Acute pyelonephritis - Emerging treatments

Meropenem/vaborbactam

Meropenem/vaborbactam is a combination of the carbapenem antibiotic meropenem with the beta-lactamase inhibitor vaborbactam.[74][75] It is approved by the Food and Drug Administration (FDA) and the European Medicines Agency (EMA) for the treatment of adults with complicated urinary tract infection, including pyelonephritis, caused by susceptible gram-negative microorganisms (Escherichia coli, Klebsiella pneumoniae, and Enterobacter cloacae complex). In the TANGO I randomized controlled trial (RCT) study, meropenem/vaborbactam was shown to be noninferior to piperacillin/tazobactam for complete resolution along with microbial eradication in complicated urinary tract infections (UTIs) in adults, including acute pyelonephritis.[75]

Plazomicin

Plazomicin is a next-generation aminoglycoside designed to evade all clinically relevant aminoglycoside-modifying enzymes, the main mechanism of aminoglycoside resistance.[76] It is not a first-line agent, but it has been approved by the FDA for the treatment of adults with complicated UTIs, including pyelonephritis, caused by susceptible gram-negative microorganisms (E coli, K pneumoniae, Proteus mirabilis, and E cloacae complex) in patients who have limited or no alternative treatment options. It is not approved by the EMA for this or any other indication. One study has shown plazomicin to be noninferior to meropenem for the treatment of complicated UTIs and acute pyelonephritis caused by Enterobacteriaceae, including multidrug-resistant strains.[77]

Cefepime/enmetazobactam

Cefepime/enmetazobactam is a combination of the fourth-generation cephalosporin cefepime with the beta-lactamase inhibitor enmetazobactam. The FDA and EMA have approved cefepime/enmetazobactam for the treatment of adults with complicated UTIs, including pyelonephritis, caused by susceptible gram-negative microorganisms (E coli, K pneumoniae, Pseudomonas aeruginosa, P mirabilis, and E cloacae complex). One RCT showed cefepime/enmetazobactam to be noninferior to, and even superior to, piperacillin/tazobactam for clinical cure and microbiologic eradication in cases of complex UTI and acute pyelonephritis.[78]

Cefepime/taniborbactam

Cefepime/taniborbactam is an investigational combination of the fourth-generation cefepime with the beta-lactamase inhibitor taniborbactam. Studies have demonstrated activity against Enterobacterales species and P aeruginosa. In one recent phase 3 RCT, cefepime/taniborbactam was superior to meropenem for the treatment of complicated UTI that included acute pyelonephritis, with a safety profile similar to that of meropenem.[79]

Tebipenem

Tebipenem is an orally bioavailable investigational carbapenem antibiotic with activity against uropathogenic Enterobacterales, including extended-spectrum beta-lactamase-producing and fluoroquinolone-resistant strains. In one recent phase 3 trial, tebipenem was noninferior to intravenous ertapenem in the treatment of complicated UTI and acute pyelonephritis.[80] The FDA has granted the drug fast-track designation but states further clinical trials are needed.

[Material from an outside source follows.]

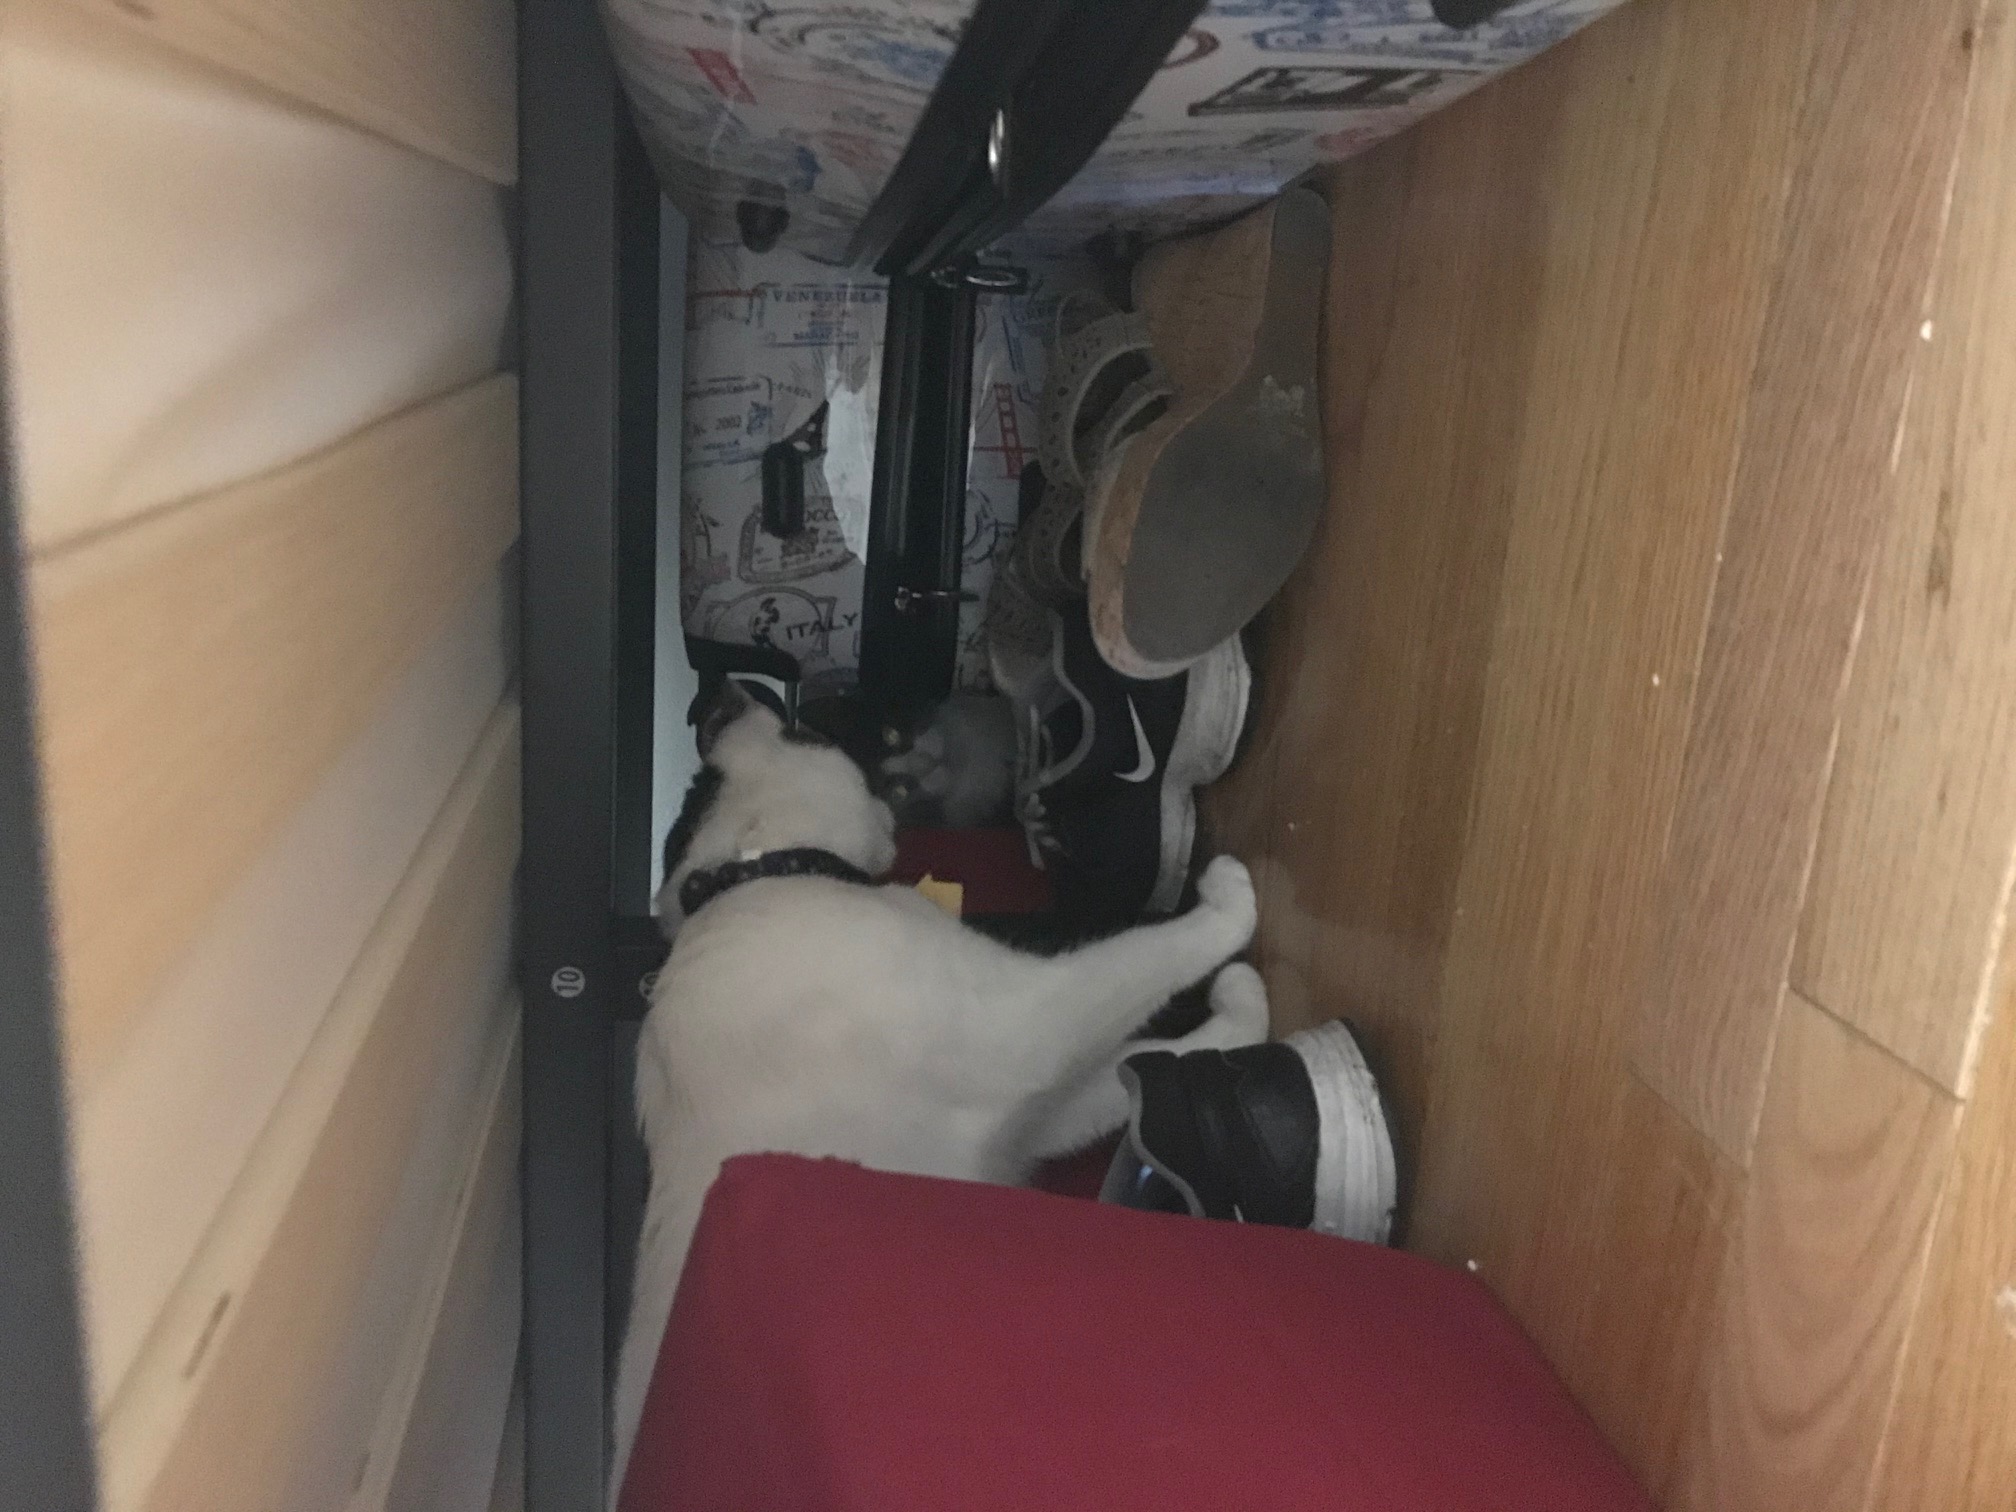 A gray-and-white cat hides under a bed while a white cat with tabby splotches looks at her with curiosity.
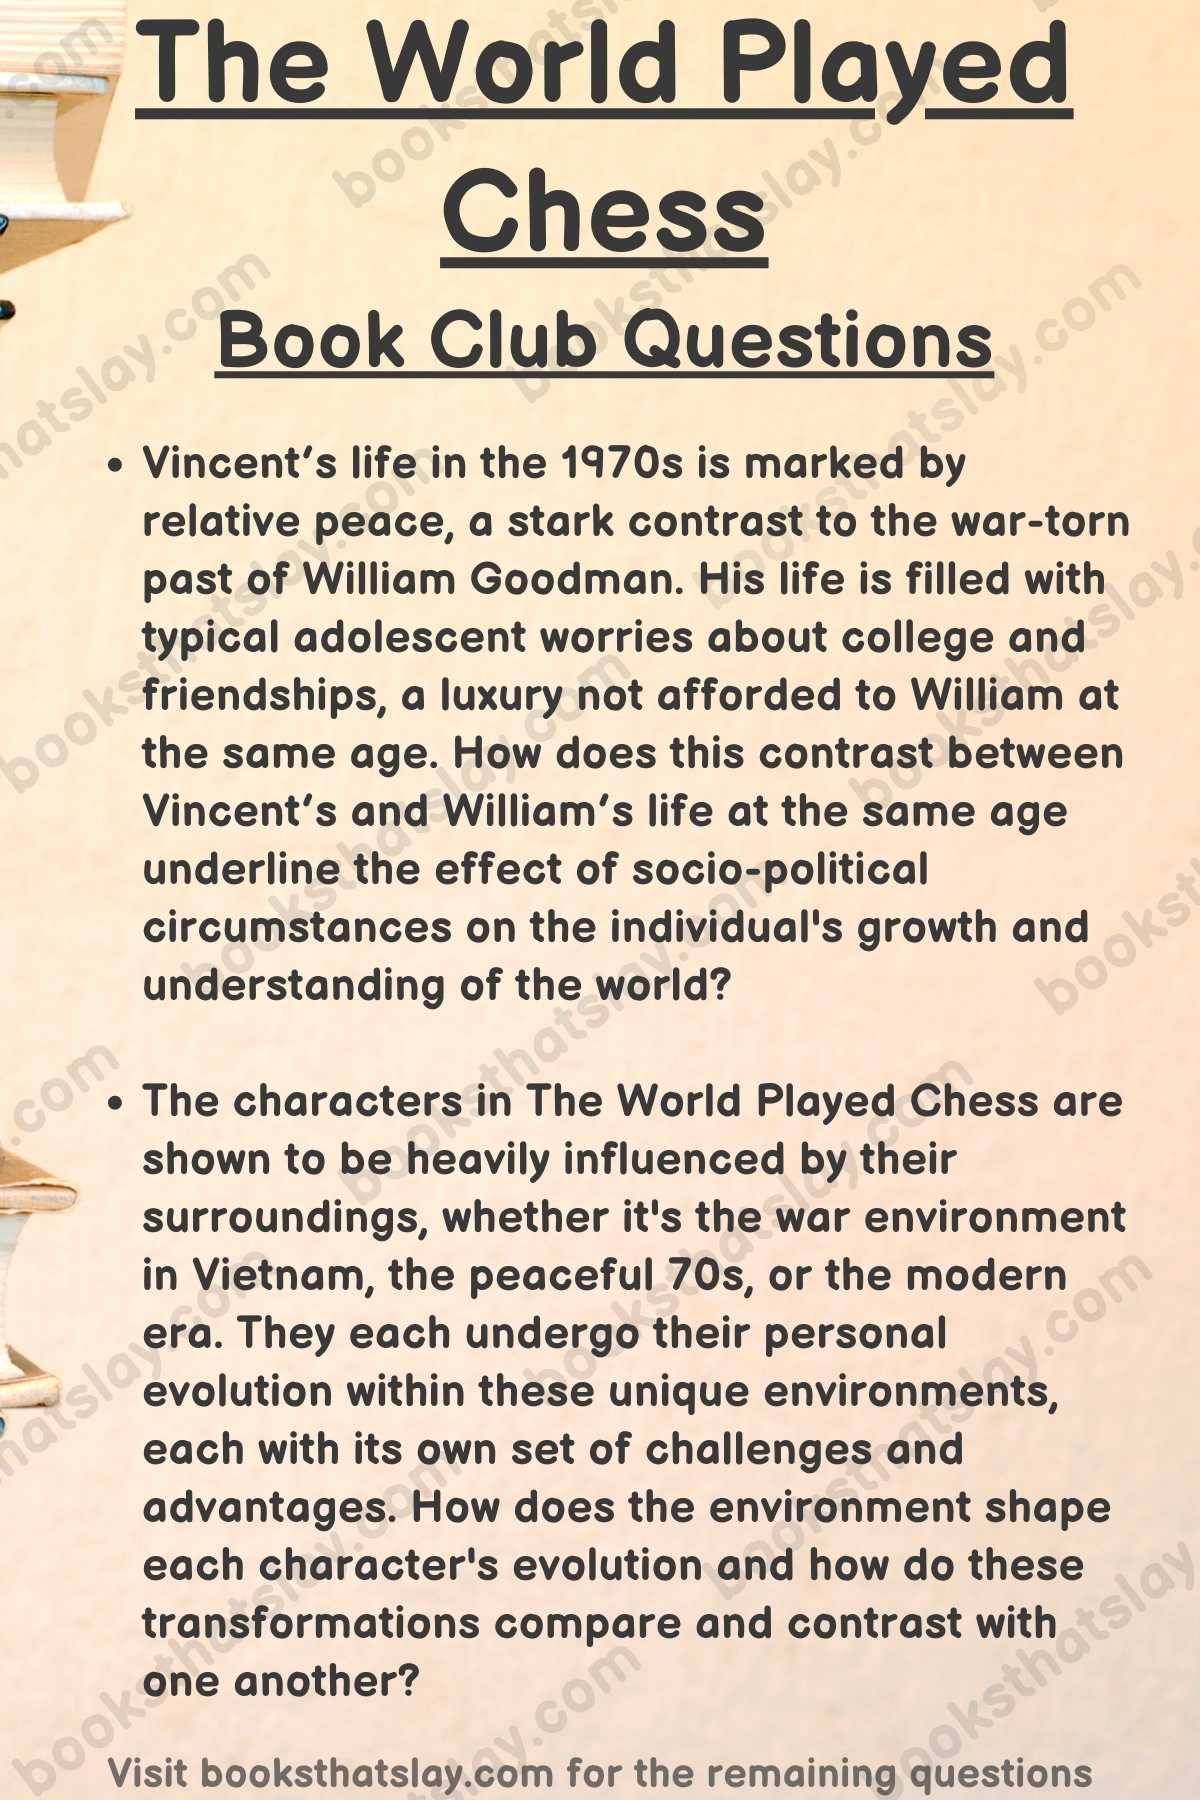 The World Played Chess Book Club Questions for Discussion

Antioxidant/anti-inflammatory therapies

Some factors of E coli (e.g., adhesins, siderophores, toxins, polysaccharide coatings) in the future may provide effective targets for anti-UTI interventions.[22] In animal models of pyelonephritis, treatment with the free radical scavengers catalase and dimethylsulfoxide was able to prevent renal scarring.[81] Similarly, in mice with kidneys inoculated with E coli, lipoprotein saccharide demonstrated less renal scarring 6 weeks after inoculation if the mice received a cox-2 inhibitor.[82]

Vaccine therapy

Specific-antigen vaccines are being studied due to advances in protein purification and the development of recombinant DNA technology.[83] Immunizing mice with an E coli capsular antigen linked to diphtheria toxoid has been shown to improve immunogenicity of the vaccine and increase cell-mediated immune activity in response to subsequent E coli exposure.[84]